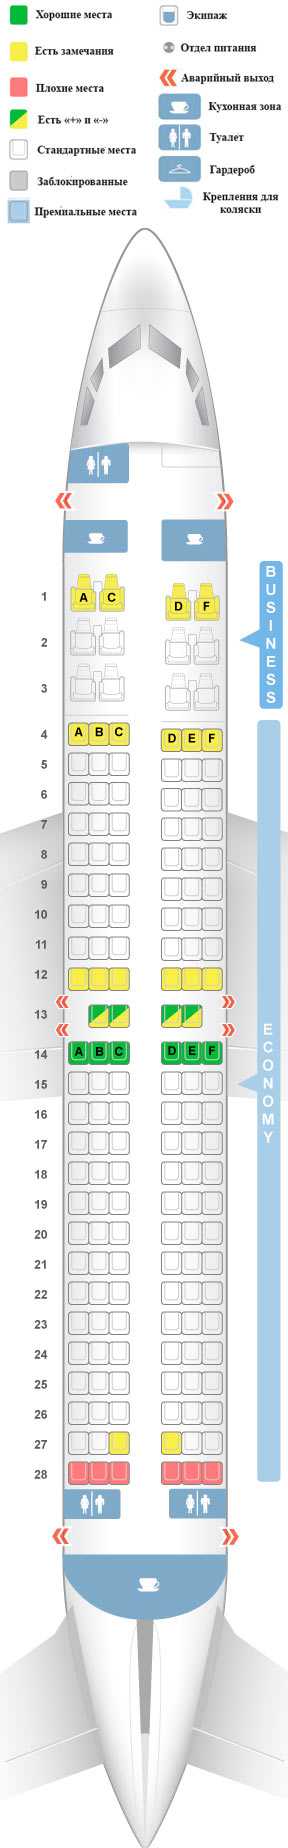 Боинг 767 300 схема салона лучшие места
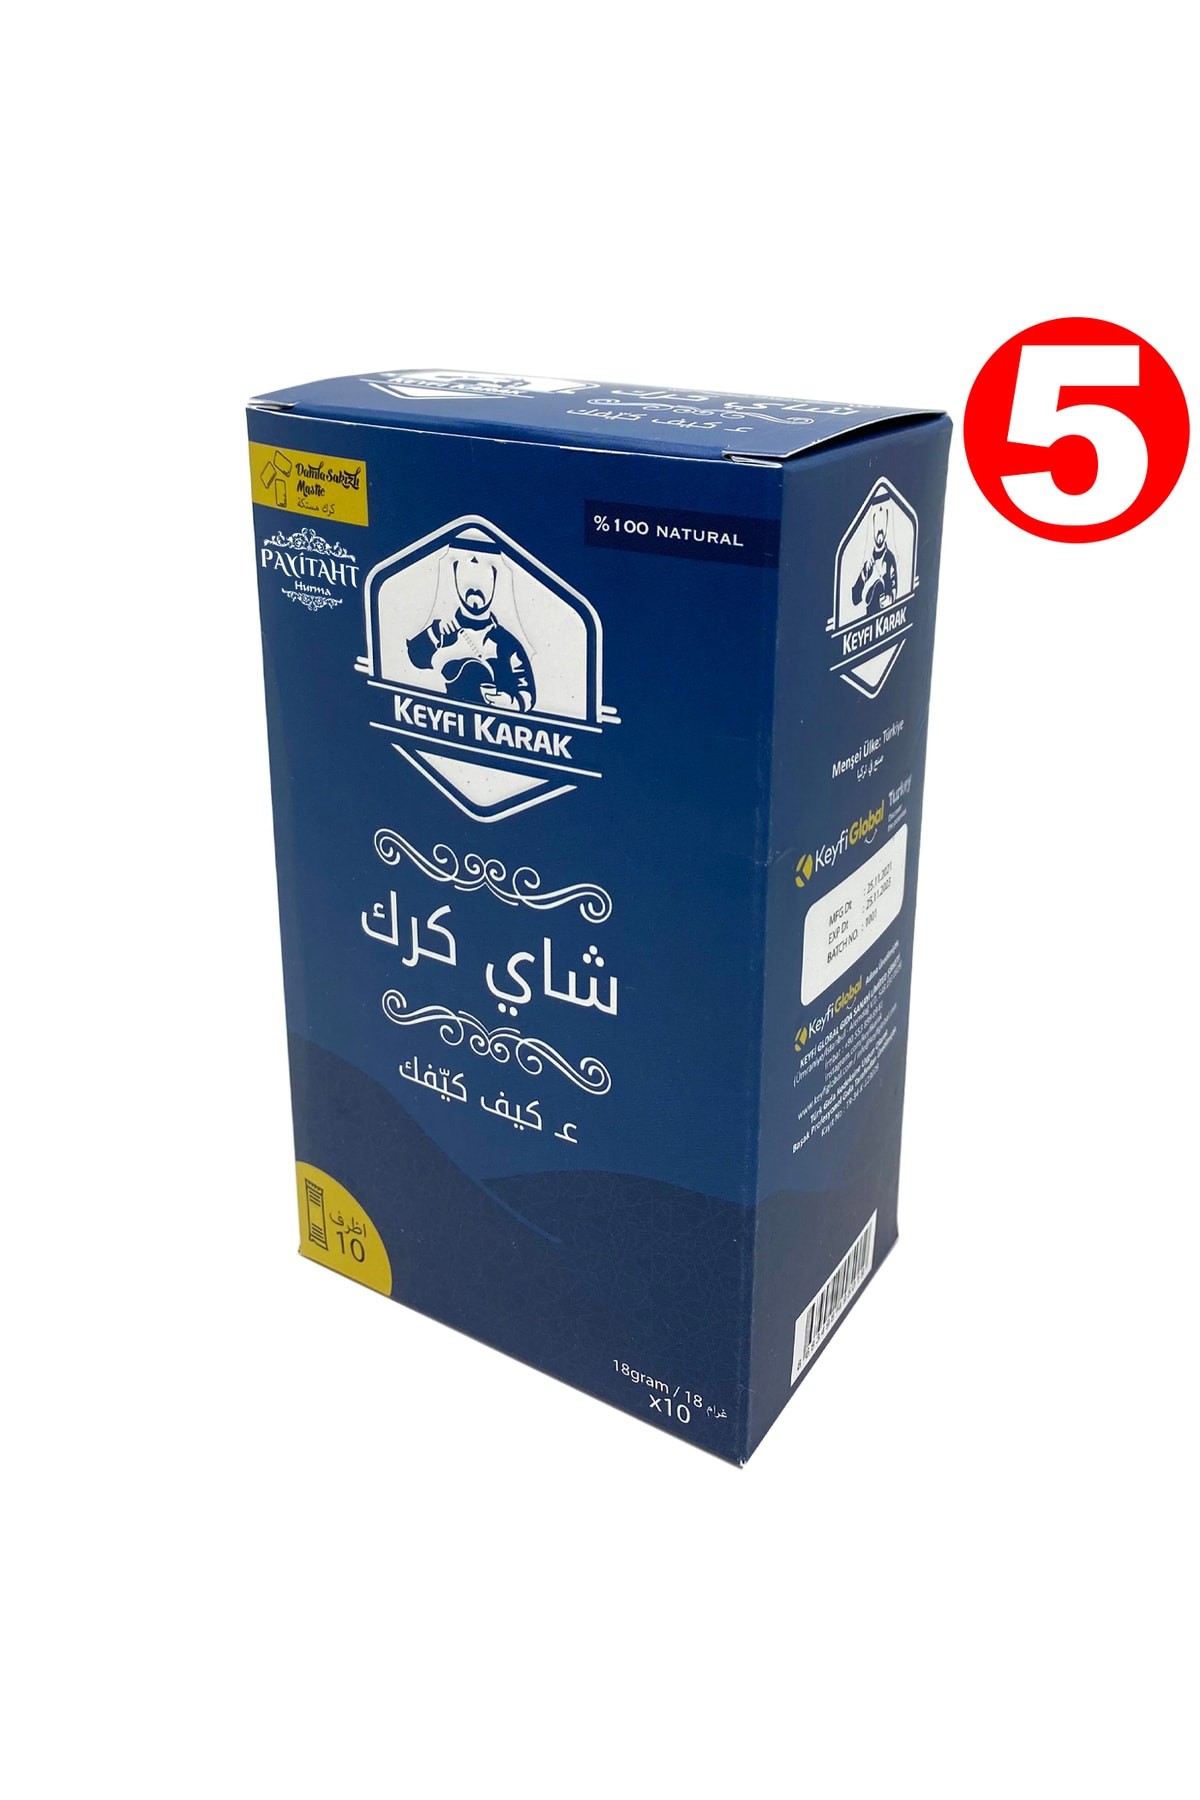 Keyfi Karak Tea Mastic Flavored 10 Stick x 5 Pack
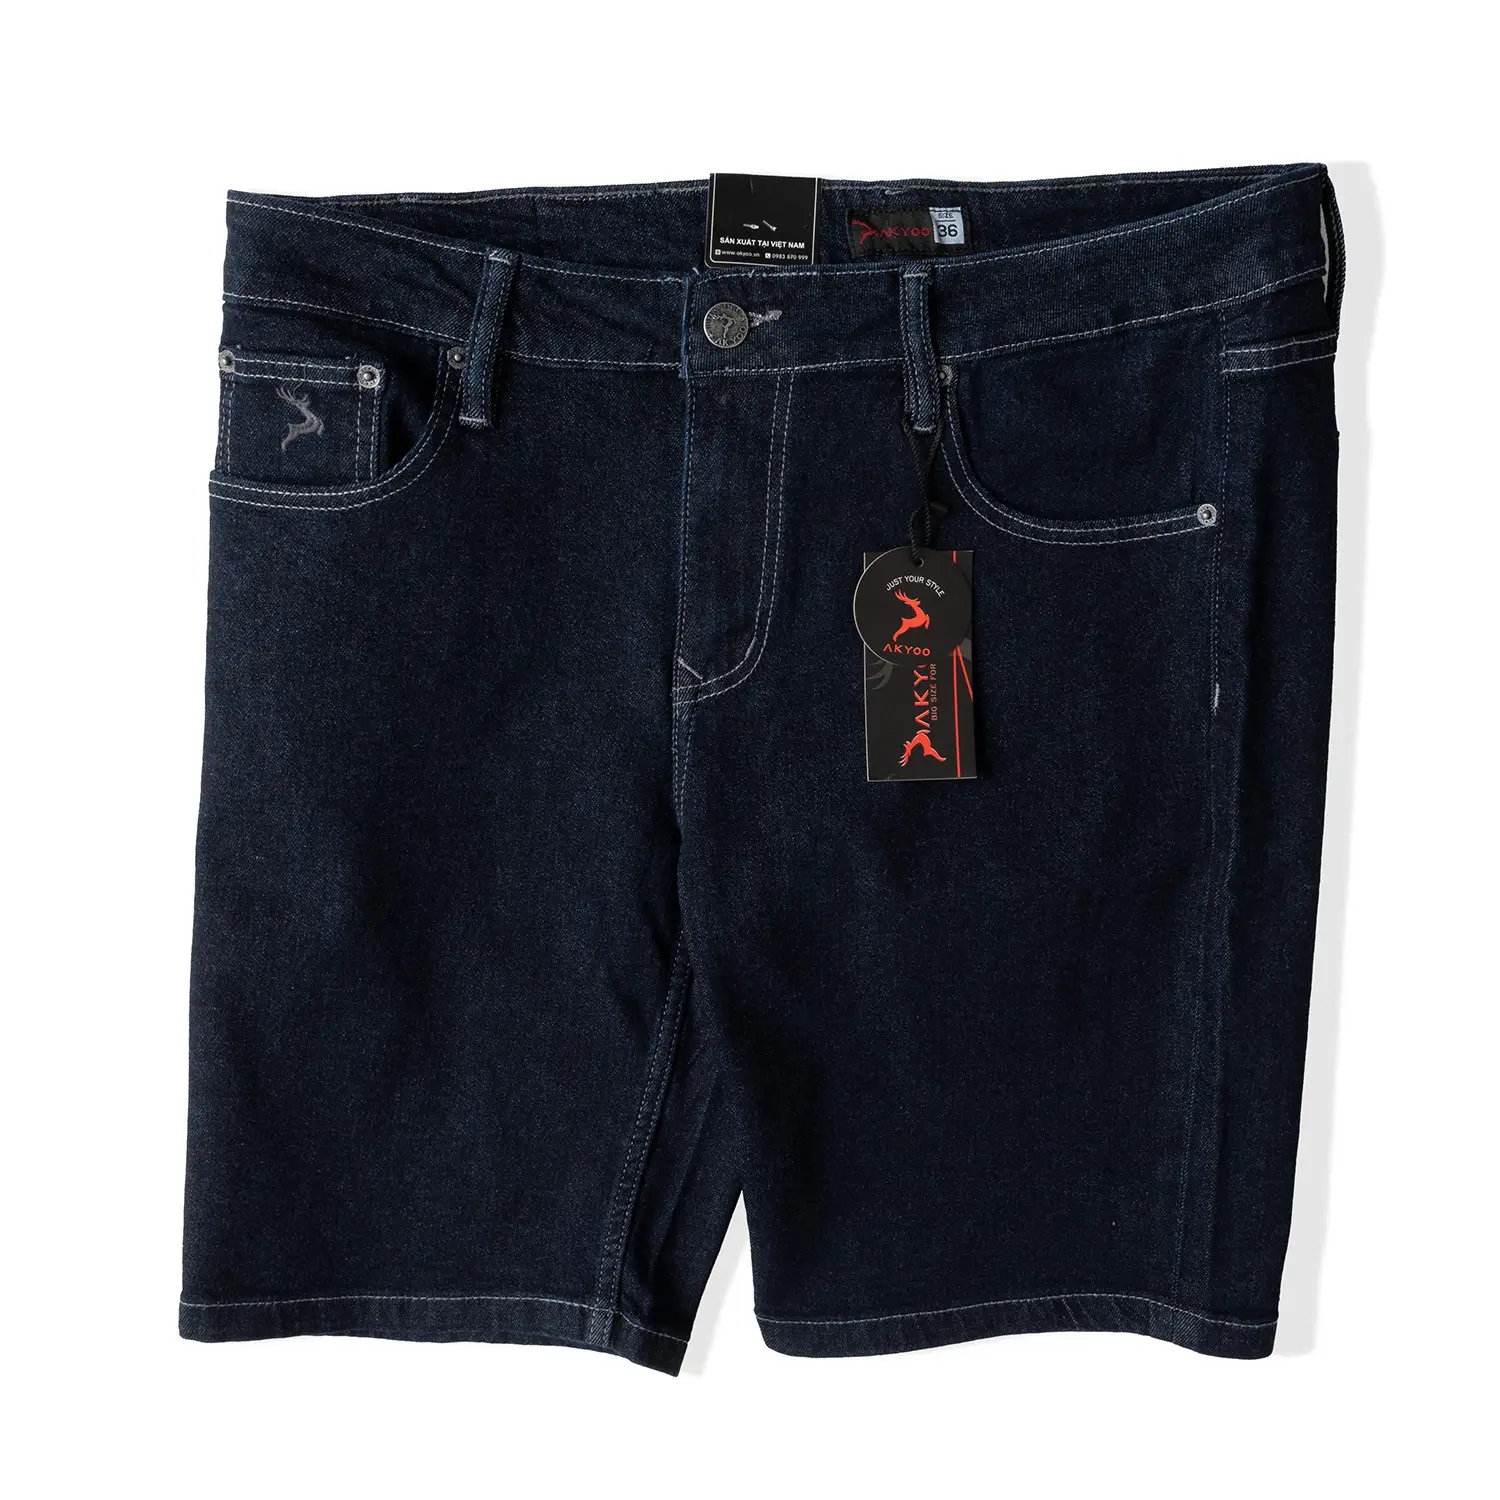 Custom Short Jort for Men Twill Weave Elastic Waist Plus Size Blue Color High Quality Jeans Slim Fit Men New Style
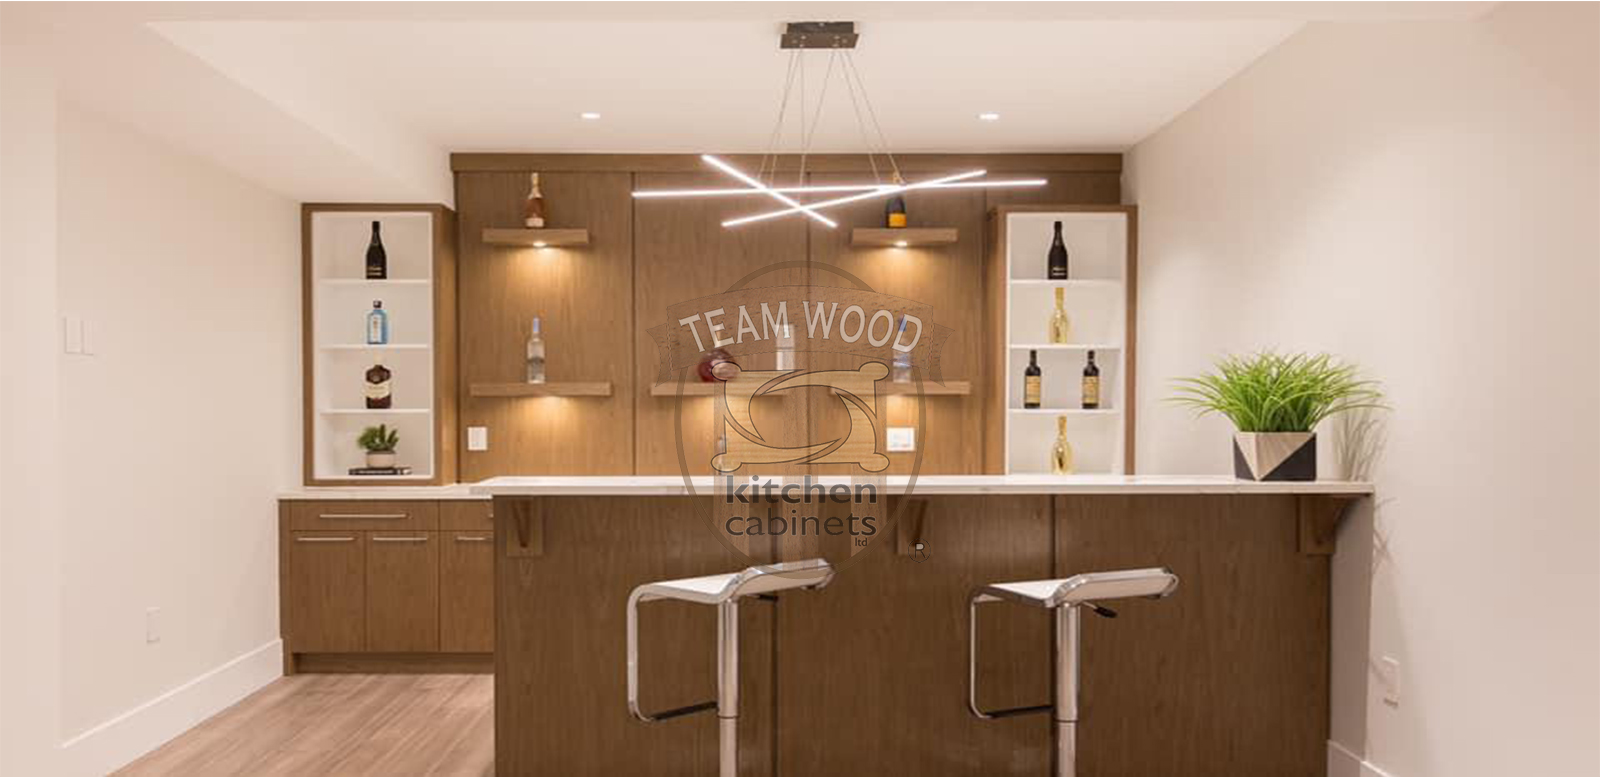 Teamwood-Bar-Cabinets (8).jpg
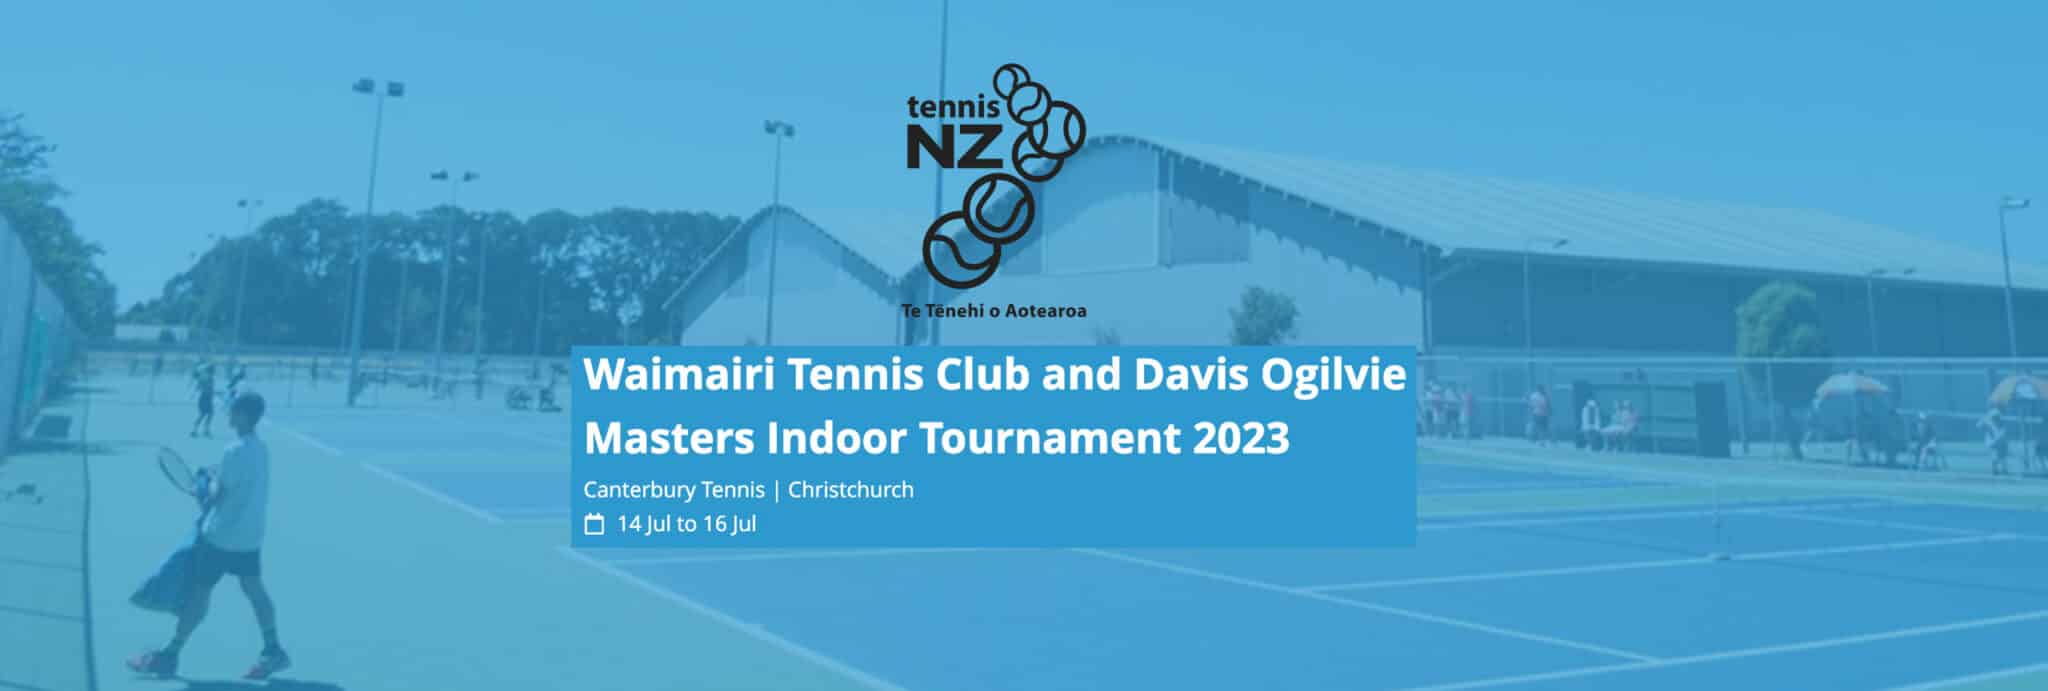 Waimairi Tennis Club and Davis Ogilvie Masters Indoor Tournament 2023
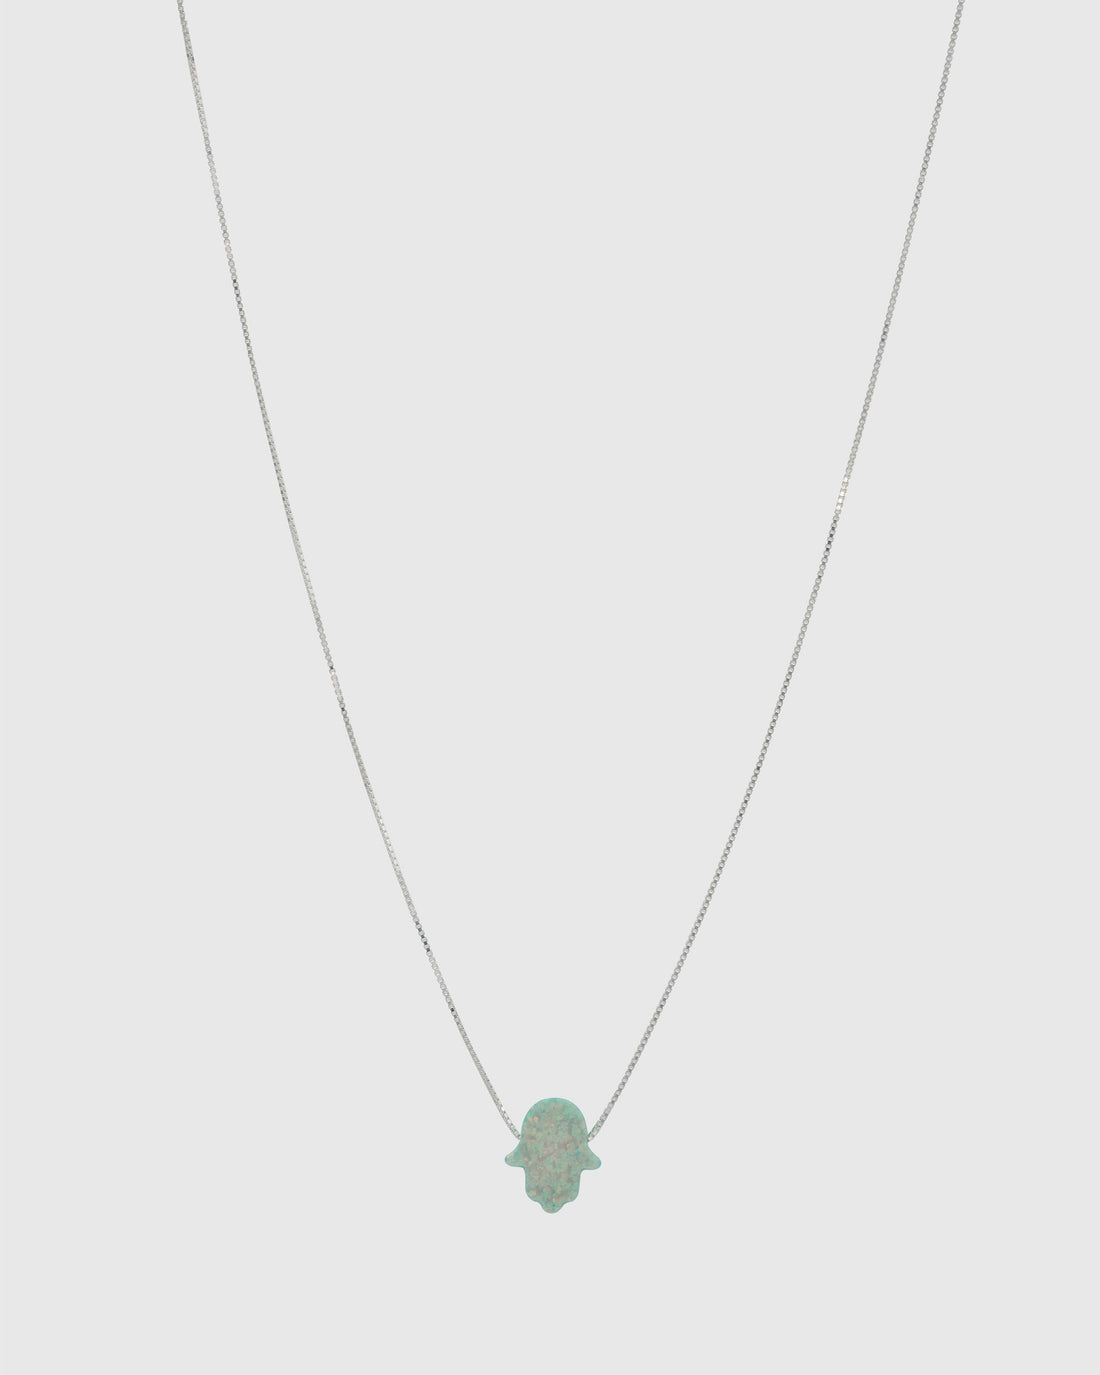 Teal Opal Hamsa Necklace

-*-*-

## What is being asked
Print the records exactly, every one. Leave out the pictures.

## Written solution
 Боинг 767 300 схема салона лучшие места
 Keyfi Karak Tea Mastic Flavored 10 Stick x 5 Pack
 Custom Short Jort for Men Twill Weave Elastic Waist Plus Size Blue Color High Quality Jeans Slim Fit Men New Style
 Teamwood-Bar-Cabinets (8).jpg
 Waimairi Tennis Club and Davis Ogilvie Masters Indoor Tournament 2023
 Teal Opal Hamsa Necklace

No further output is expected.